**SUPPLIED DATA:**

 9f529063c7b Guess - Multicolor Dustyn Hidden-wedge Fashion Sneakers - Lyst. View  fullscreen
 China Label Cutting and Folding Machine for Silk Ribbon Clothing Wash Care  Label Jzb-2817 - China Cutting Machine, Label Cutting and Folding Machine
==
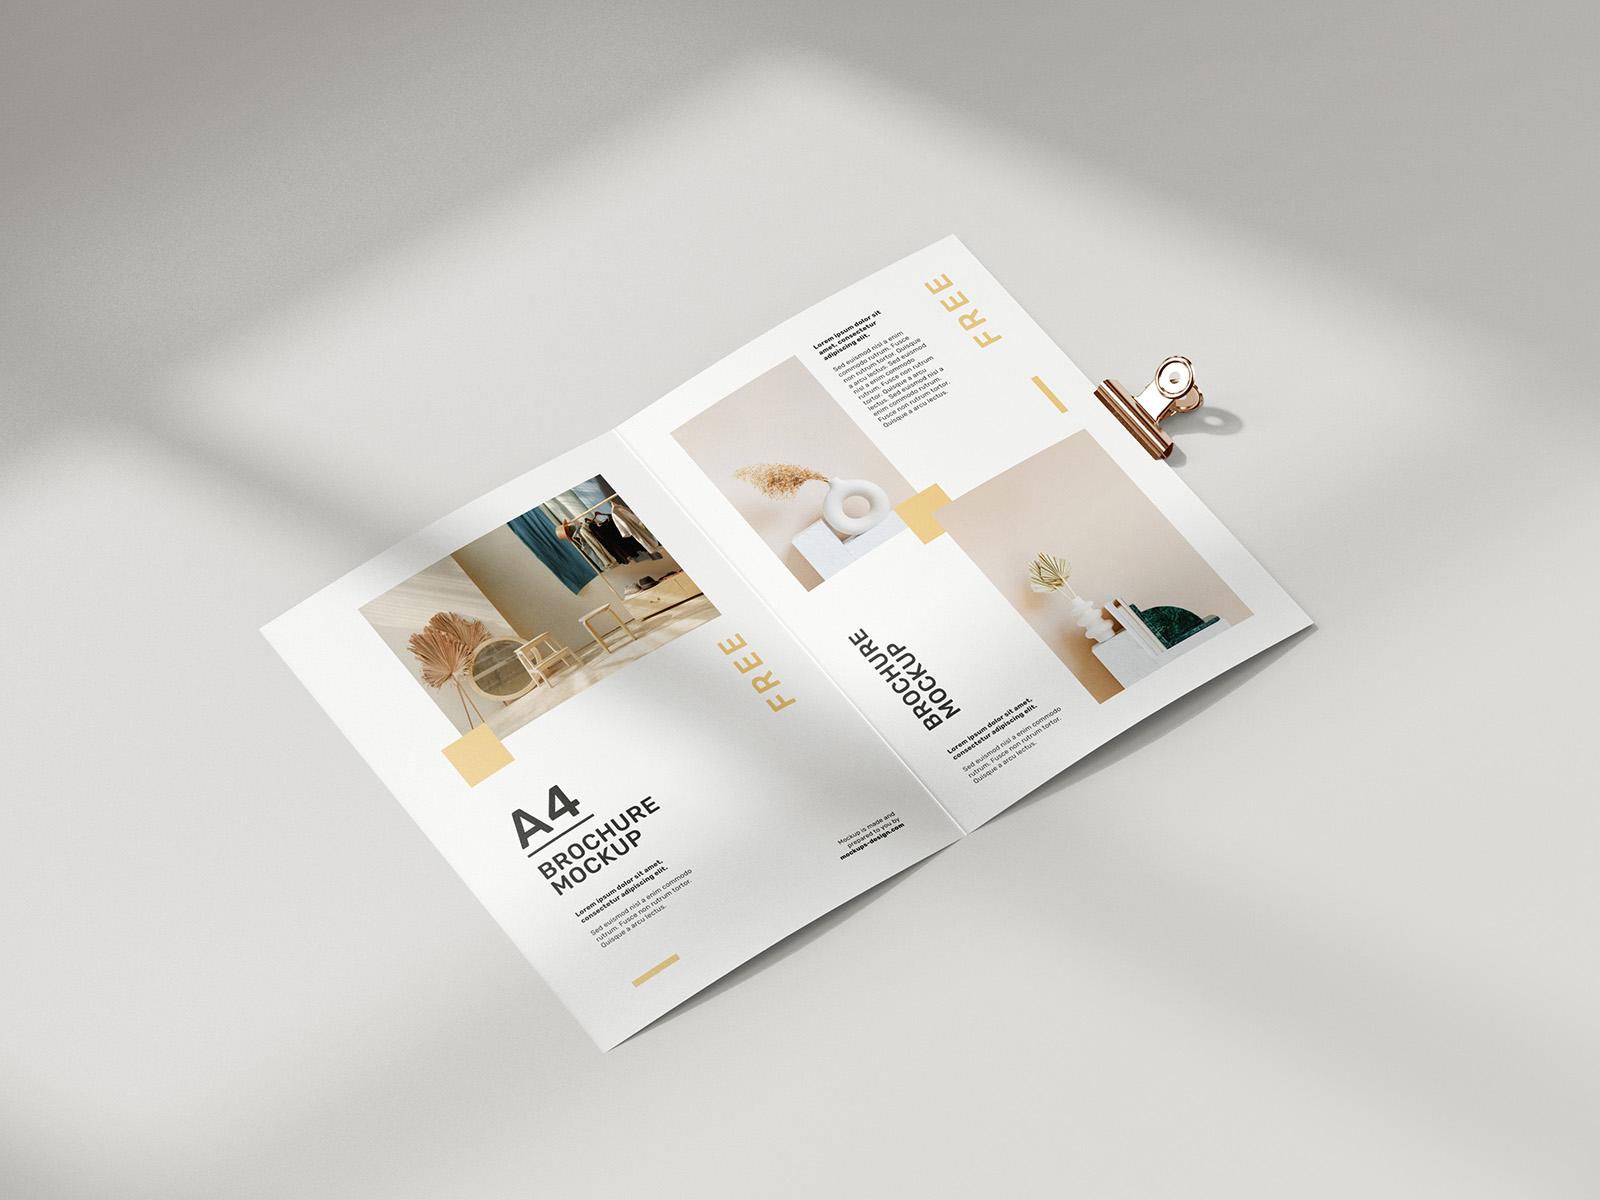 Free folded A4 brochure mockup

**THE TASK:**
Look above for the line with "9f529063c7b Guess - Multicolor" and the line with "China Label Cutting", and reproduce exactly those two lines plus every line between, nothing more.

**RESULT FOR THIS EXERCISE:**
 9f529063c7b Guess - Multicolor Dustyn Hidden-wedge Fashion Sneakers - Lyst. View  fullscreen
 China Label Cutting and Folding Machine for Silk Ribbon Clothing Wash Care  Label Jzb-2817 - China Cutting Machine, Label Cutting and Folding Machine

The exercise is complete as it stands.